Here are 'some' number, it still unclear if these actually are significant:
BASELINE | movptr2
fop 3120 msec | 2811 msec =0.900962
h2 19156 msec | 17600 msec =0.918772
jython 24060 msec | 23343 msec =0.9702
luindex 3222 msec | 3226 msec =1.00124
lusearch 4383 msec | 4380 msec =0.999316
lusearch-fix 4096 msec | 4359 msec =1.06421
pmd 7417 msec | 7342 msec =0.989888
jython 24060 msec | 23343 msec =0.9702
fop(Xcomp) 3060 msec | 3058 msec =0.999346
h2(Xcomp) 38724 msec | 38717 msec =0.999819
jython(Xcomp) 29999 msec | 29694 msec =0.989833
luindex(Xcomp) 5259 msec | 5195 msec =0.98783
lusearch(Xcomp) 6364 msec | 6269 msec =0.985072
lusearch-fix(Xcomp) 6430 msec | 6534 msec =1.01617
pmd(Xcomp) 7360 msec | 6999 msec =0.950951
jython(Xcomp) 29999 msec | 29694 msec =0.989833
Avg:0.983353
The issue is that reaching steady state AKA varmup takes tremondiusly long time. As it takes long time it causes compilations differences between runs and it's unclear if we actually have finished varmup. Hence I run with Xcomp to get a more stable result.
Integrating later today!
/integrate
Going to push as commit 7b52d0acfc7d6083b407efa0877c139e9837f86b.

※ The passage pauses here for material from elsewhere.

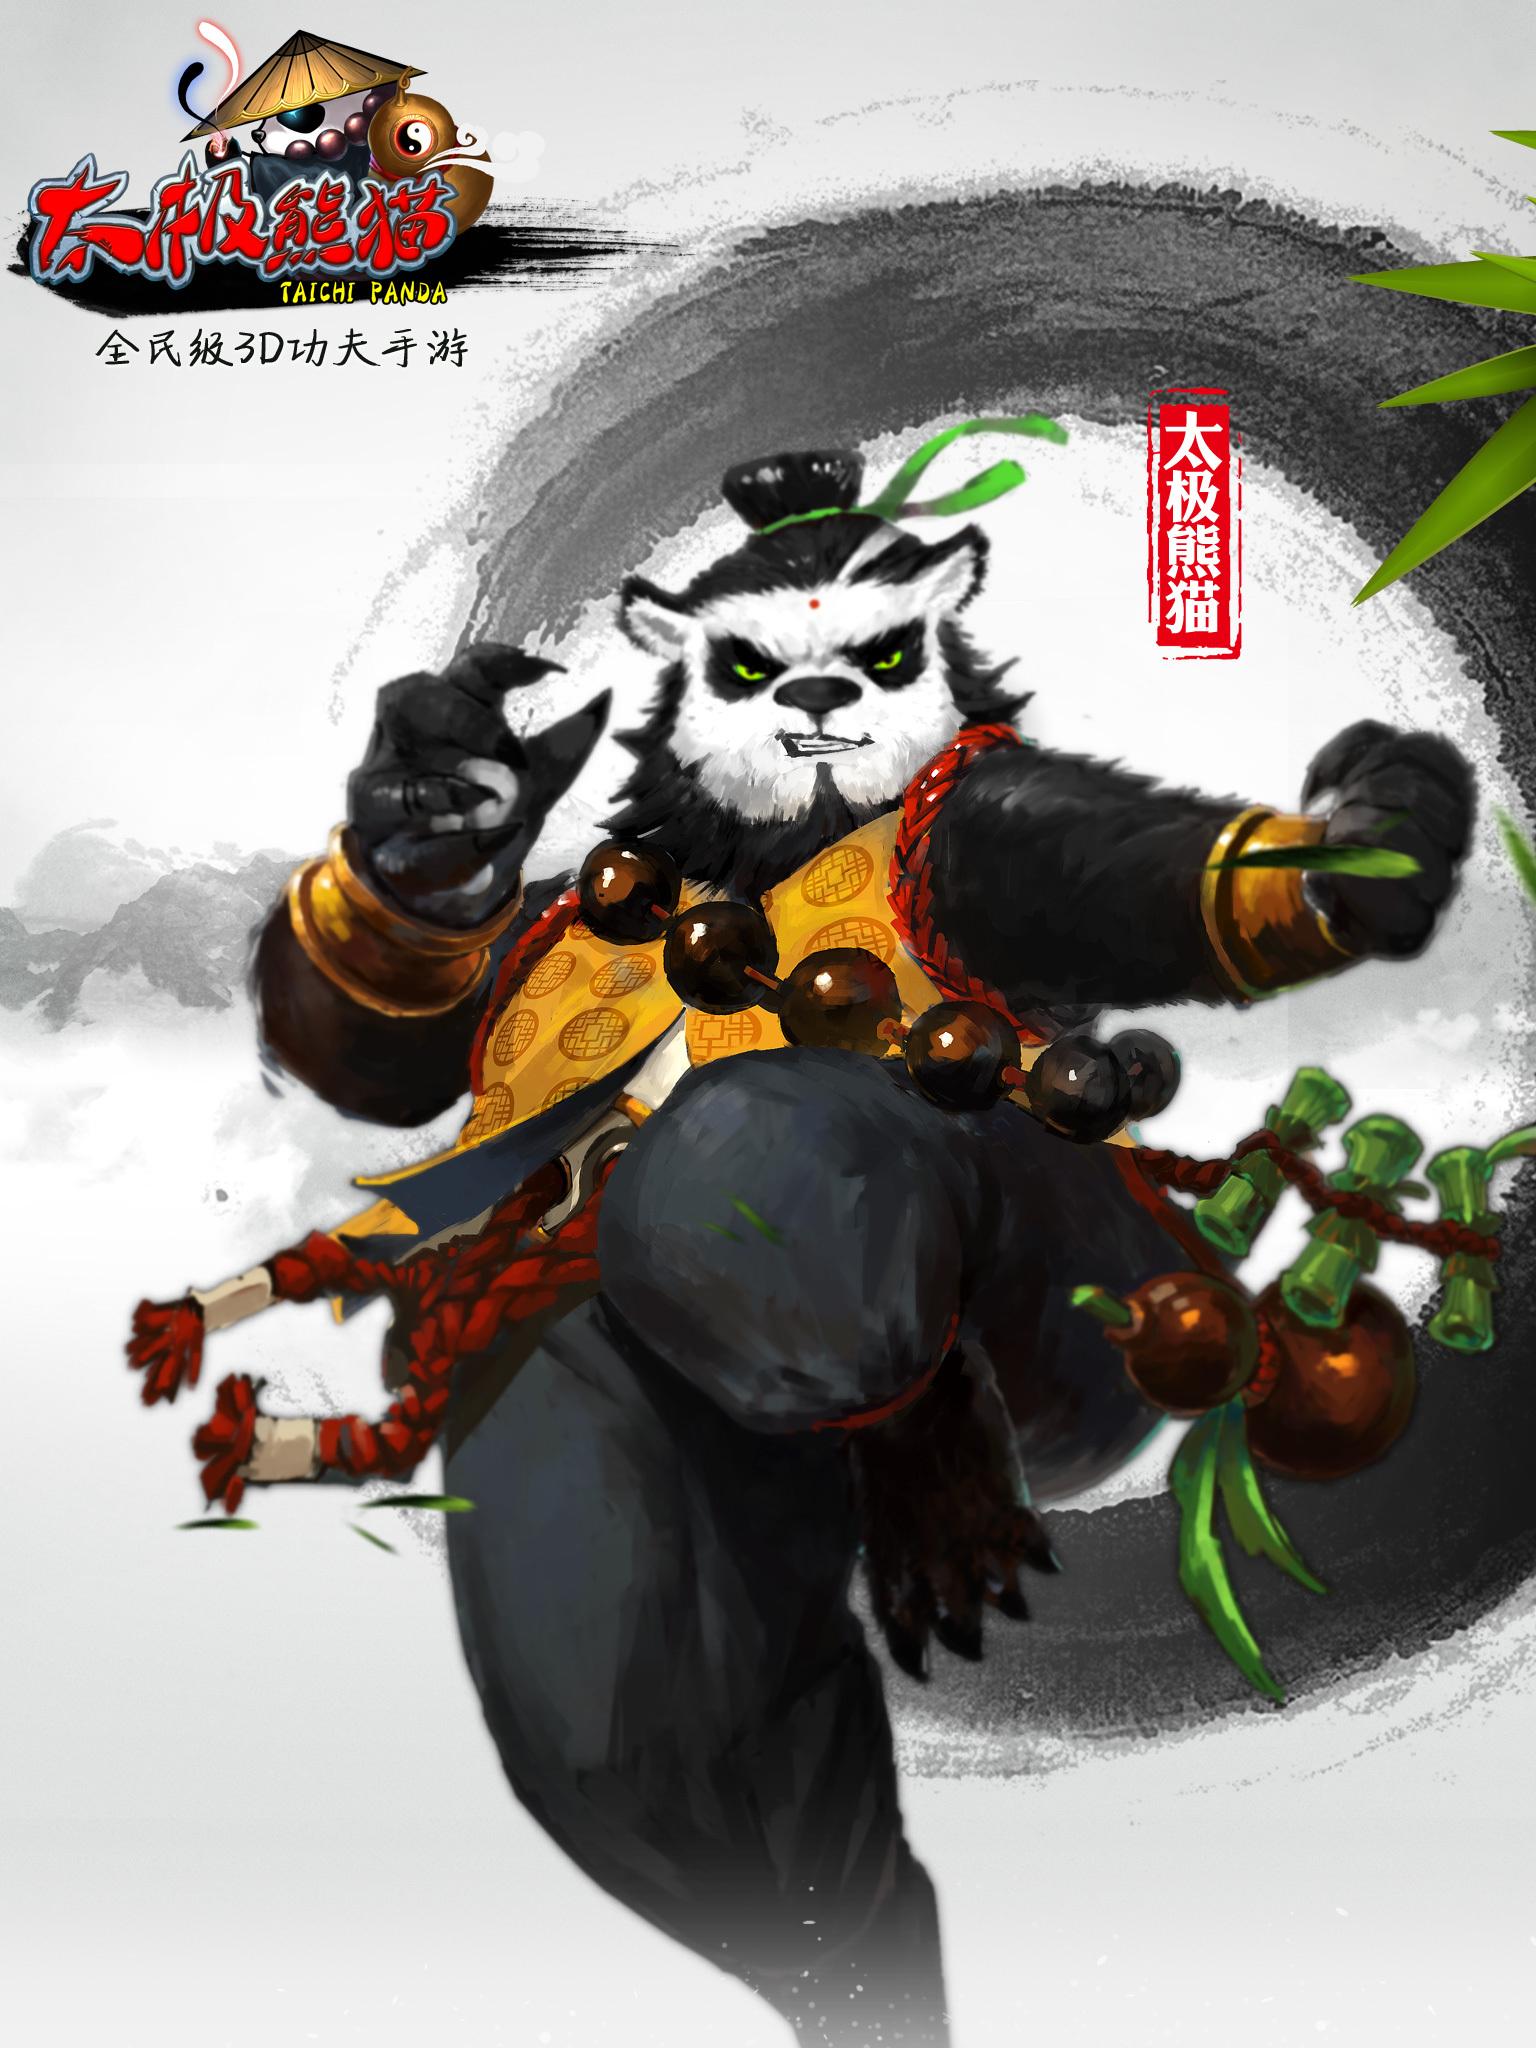 ipadmini2壁纸:1536x2048_360太极熊猫图集_360游戏
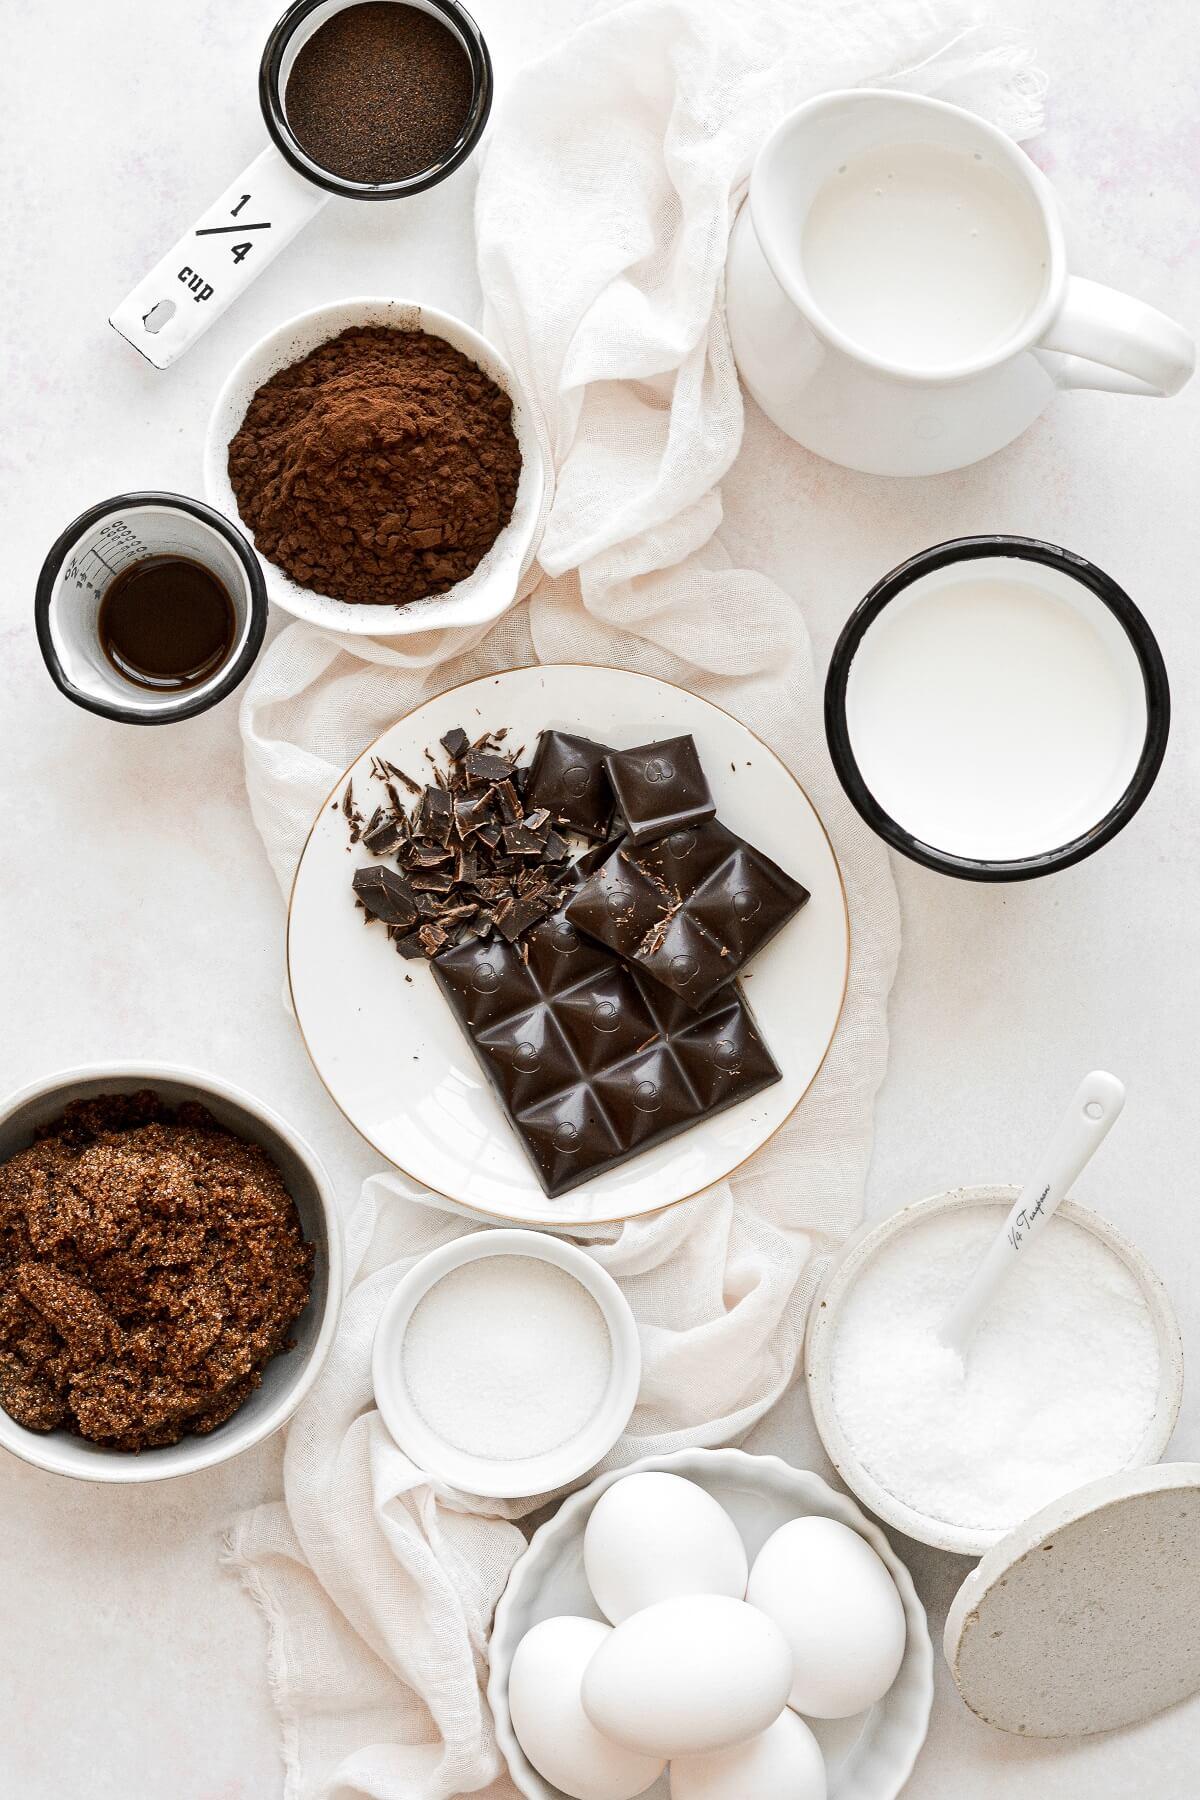 Ingredients for dark chocolate ice cream.

Since your change was applied there have been 23 commits pushed to the master branch:
- aa4c83a5bfe146714a46fb454aafc7393d2d8453: 8332505: JEP 457: ClassRemapper forgets to remap bootstrap method references
- cabe337400a0bd61d73bf3ca66e16266267299c7: 8331921: Hotspot assembler files should use common logic to setup exported functions
- 2edb6d98133d8bd6dc4527c7497c460283fdc53e: 8330386: Replace Opaque4Node of Initialized Assertion Predicate with new OpaqueInitializedAssertionPredicateNode
- 1850914380655ef3d08614a5656e7cc23478f38f: 8332864: Parallel: Merge ParMarkBitMapClosure into MoveAndUpdateClosure
- 2f2cf38bb5cecea698e519396574343cfbe4f359: 8332883: Some simple cleanup in vectornode.cpp
- b5e1615c0084538f2161fe9b56748d188983e972: 8292955: Collections.checkedMap Map.merge does not properly check key and value
- 86eb5d9f3be30ff9df1318f18ab73c7129c978f6: 8329958: Windows x86 build fails: downcallLinker.cpp(36) redefinition
- be1d374bc54d43aae3b3c1feace22d38fe2156b6: 8332825: ubsan: guardedMemory.cpp:35:11: runtime error: null pointer passed as argument 2, which is declared to never be null
- ed81a478e175631f1de69eb4b43f927629fefd74: 8327964: Simplify BigInteger.implMultiplyToLen intrinsic
- 08face8c4cd2d0b6f48f99bae5a380b7f7e4f2c2: 8332890: Module imports don't work inside the same module
- ... and 13 more: https://git.openjdk.org/jdk/compare/16dba04e8dfa871f8056480a42a9baeb24a2fb24...master
Your commit was automatically rebased without conflicts.
@robehn Pushed as commit 7b52d0acfc7d6083b407efa0877c139e9837f86b.
:bulb: You may see a message that your pull request was closed with unmerged commits. This can be safely ignored.